Rob Reiner, der die Jungen zu fabelhaft unbeschwertem Spiel animiert hat, inszeniert die Geschichte nicht mit der hektischen Aktionsbesessenheit von "Zurück in die Zukunft", sondern als ruhige, sich langsam entwickelnde Odyssee, die manchmal ein bißchen in die Nähe von Tom Sawyer gerät, aber dennoch bemerkenswert individuelle Töne anschlägt. Statt des schweißtreibenden Abenteuers, das eigentlich nur einmal beim Überqueren einer Eisenbahnbrücke zum Tragen kommt, sucht er die besinnlichen Zwischentöne: die Stimmung am Lagerfeuer, das sich entwickelnde Verständnis für den anderen, die Bewußtmachung der familiären Bindungen. Diese Grundstimmung paßt hervorragend zu der immer wieder einbezogenen Landschaft Oregons und zu dem romantischen Erinnerungsbild der fünfziger Jahre, deren Schlager den Film wie ein bunter Faden durchziehen. Es gibt ein paar grelle Szenen (von denen man hört, sie seien aus kommerziellen Gründen nachgedreht worden), die zu dem lyrischen Tonfall des Films nicht recht passen; aber sie erlangen kaum genügend Bedeutung, um den Fluß der Geschichte nachhaltig stören zu können.

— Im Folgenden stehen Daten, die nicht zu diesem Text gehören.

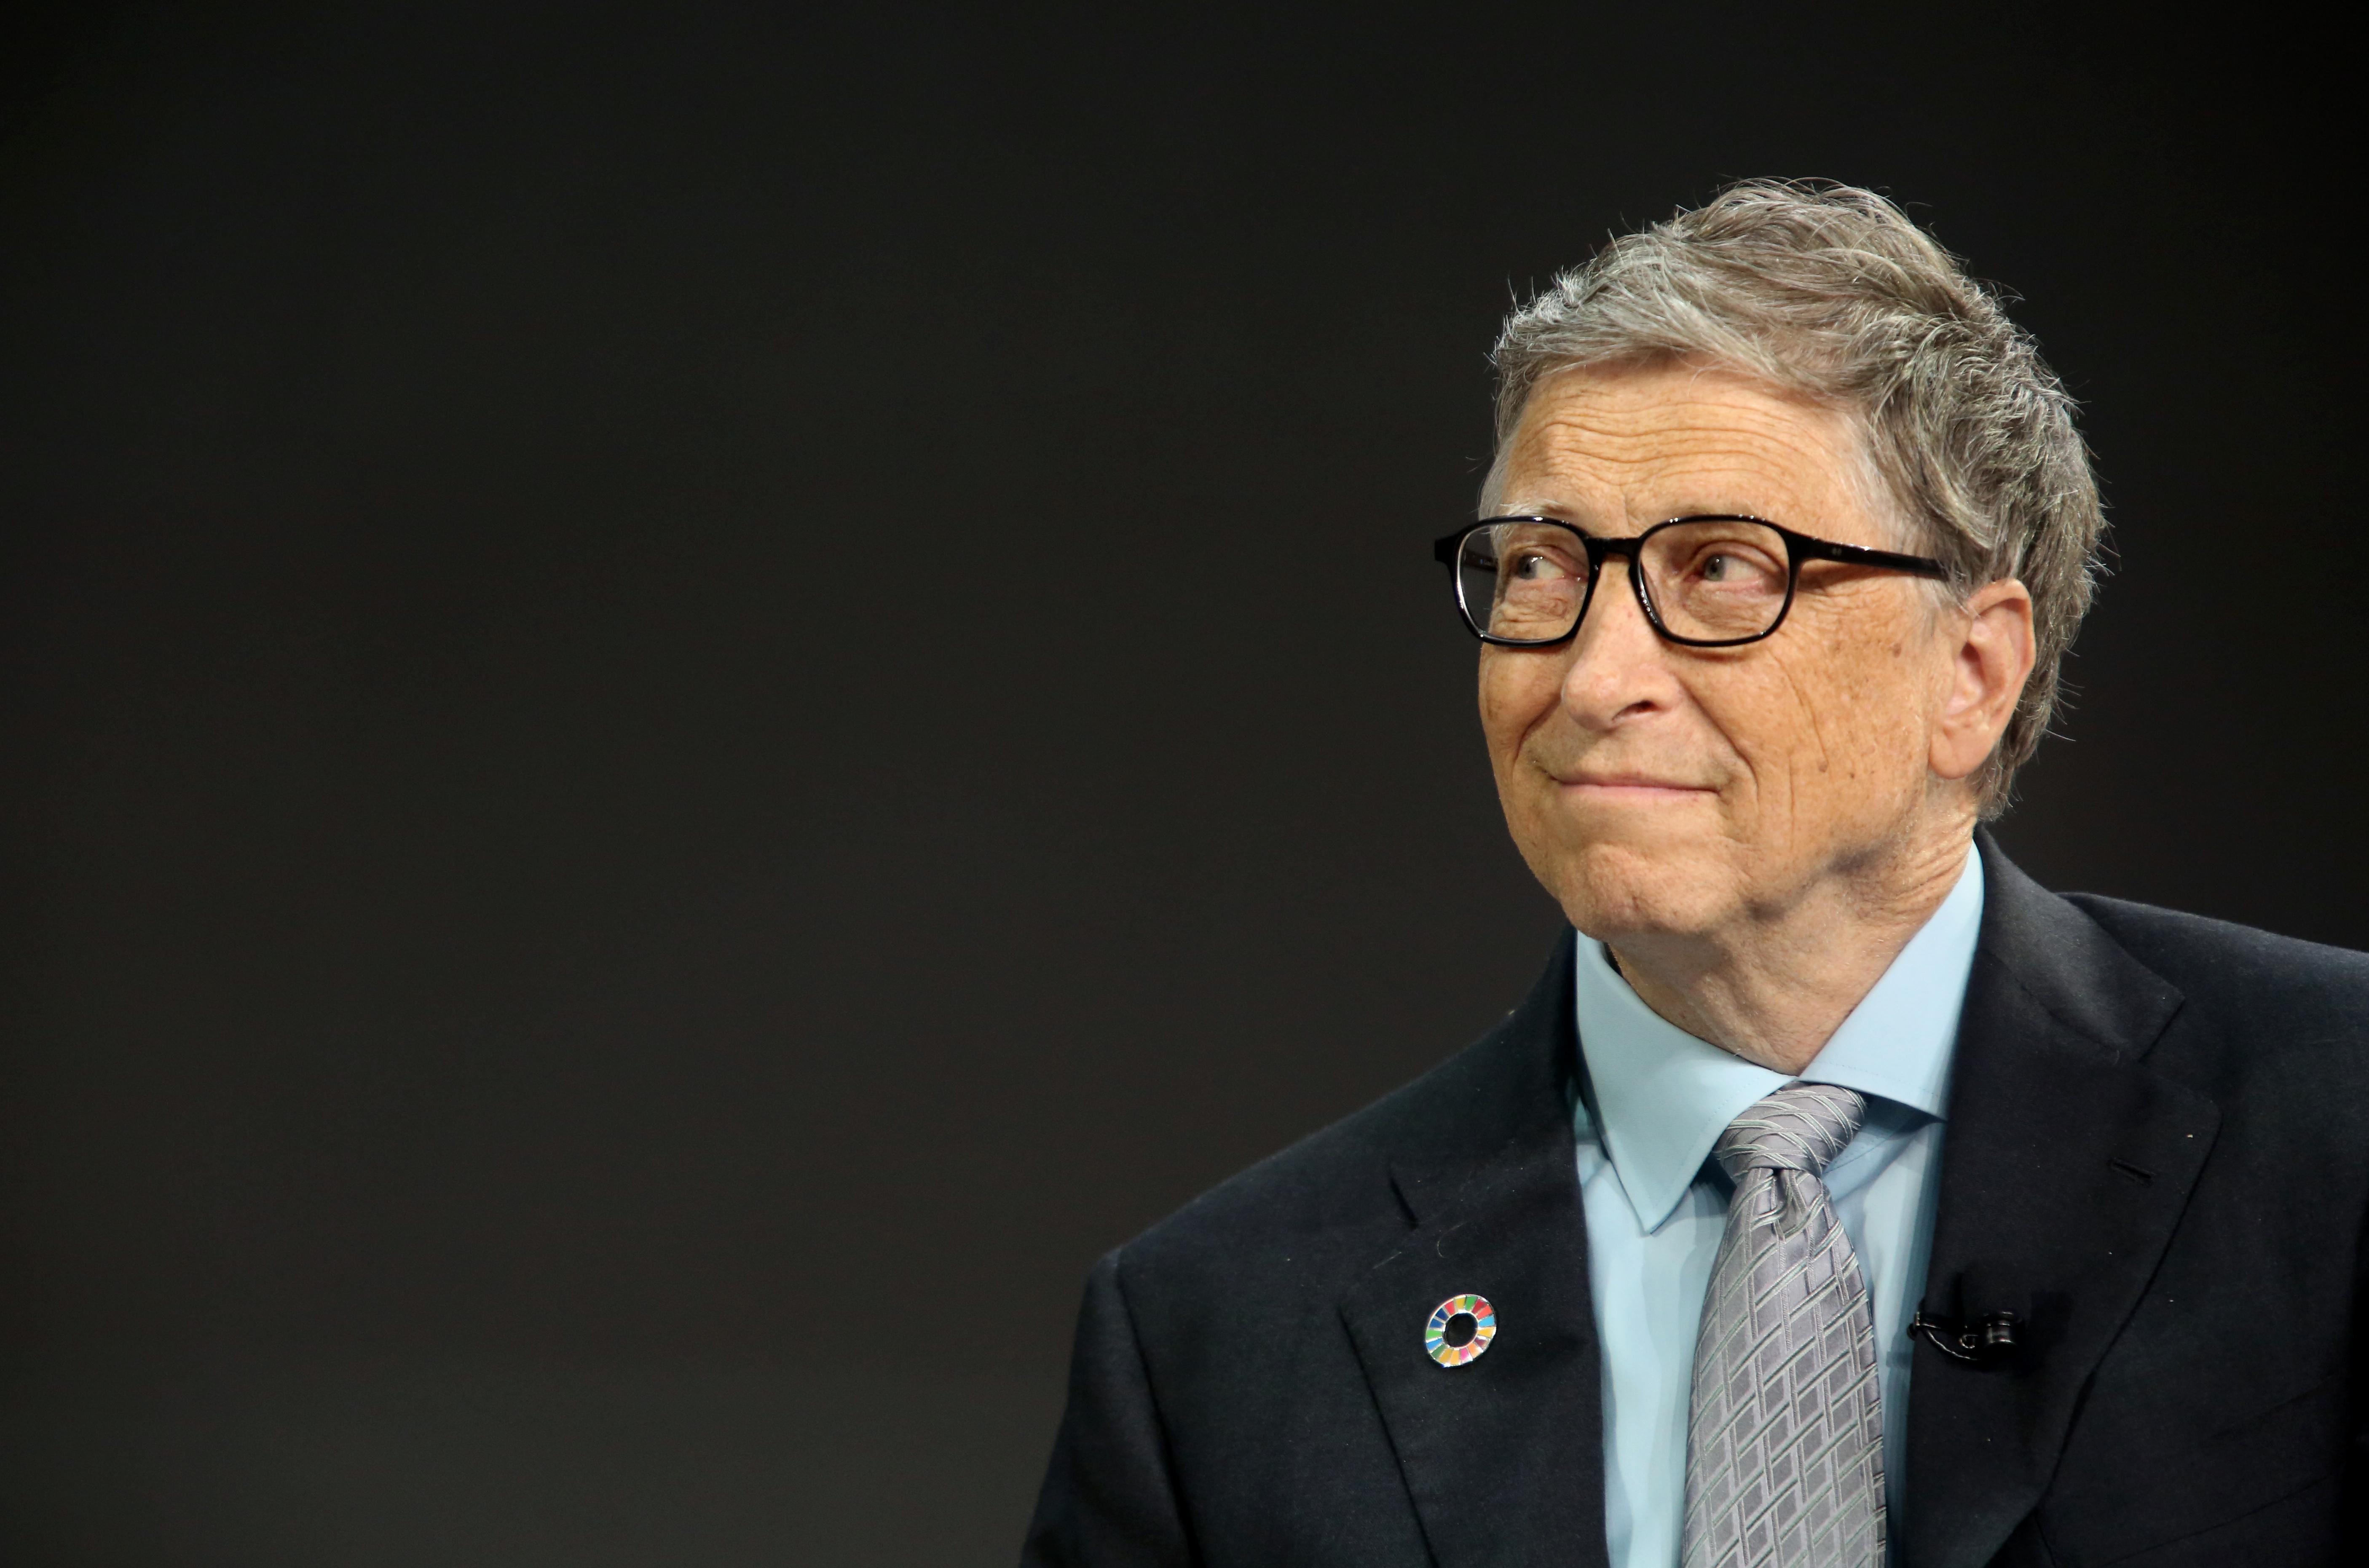 Bill Gates listens to former U.S. President Barack Obama at a Gates Foundation event.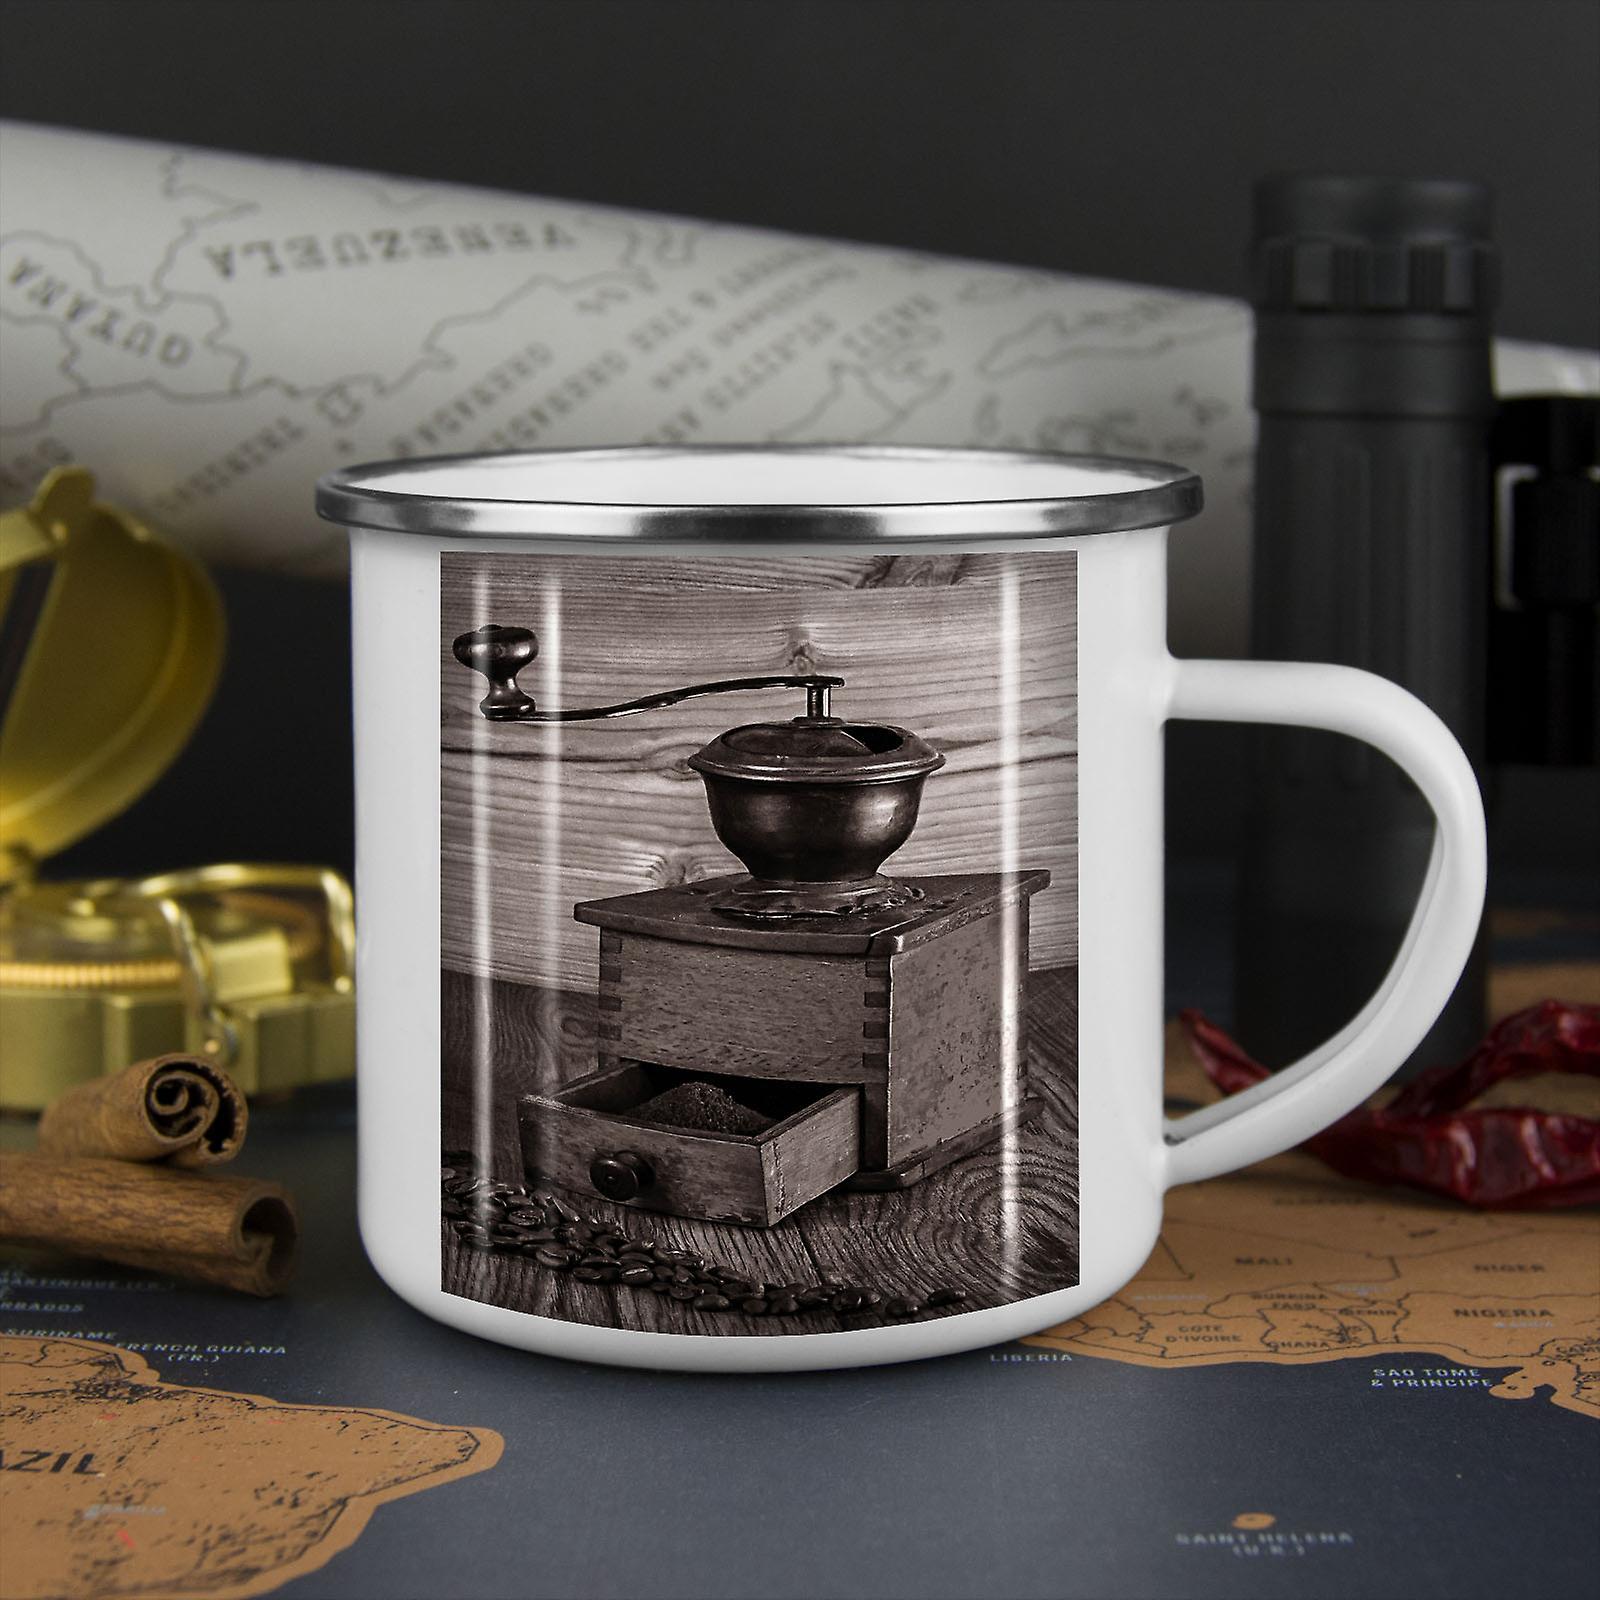 Kaffee Alt coole neue WhiteTea Kaffee Emaille Mug10 oz | Wellcoda

Es ist ein eigenartiger Zufall, daß dieser Film genau zu der Zeit im Kino erscheint, in der Stephen King mit seinem Roman "Es" einen der stärksten Erfolge hat. In der Tat haben diese frühe Kurzgeschichte und der neue Roman, der Kings literarische Qualitäten am deutlichsten unter Beweis stellt, vieles gemeinsam. "Stand By Me" wirkt wie eine Vorstudie zu "Es". Beide haben die Gruppe von Zwölfjährigen gemeinsam, die aus der Gewöhnlichkeit des Alltags hineingezogen wird in ein für ihr Leben bestimmendes Abenteuer. Und dieses Abenteuer hat in beiden Fällen mit dem Tod zu tun, hier in Form einer im Wald liegenden Leiche, dort als monströser Fluch, der in regelmäßigen Zeitabständen seine Opfer in einer amerikanischen Kleinstadt fordert. Beide Geschichten werden als Erinnerungen aus heutiger Sicht erzählt, beide finden ihr Zentrum in den fünfziger Jahren und selbst die Charaktere der jugendlichen Protagonisten sind die gleichen. Für Stephen-Kings-Fans, aber auch für jene, die den Autor erst mit seinem neuen Bestseller für sich entdeckt haben, dürfte es deshalb ein zusätzliches Vergnügen sein, im Vergleich der beiden Stoffe den Wurzeln von Kings Geschichten vielleicht ein wenig näher zu kommen.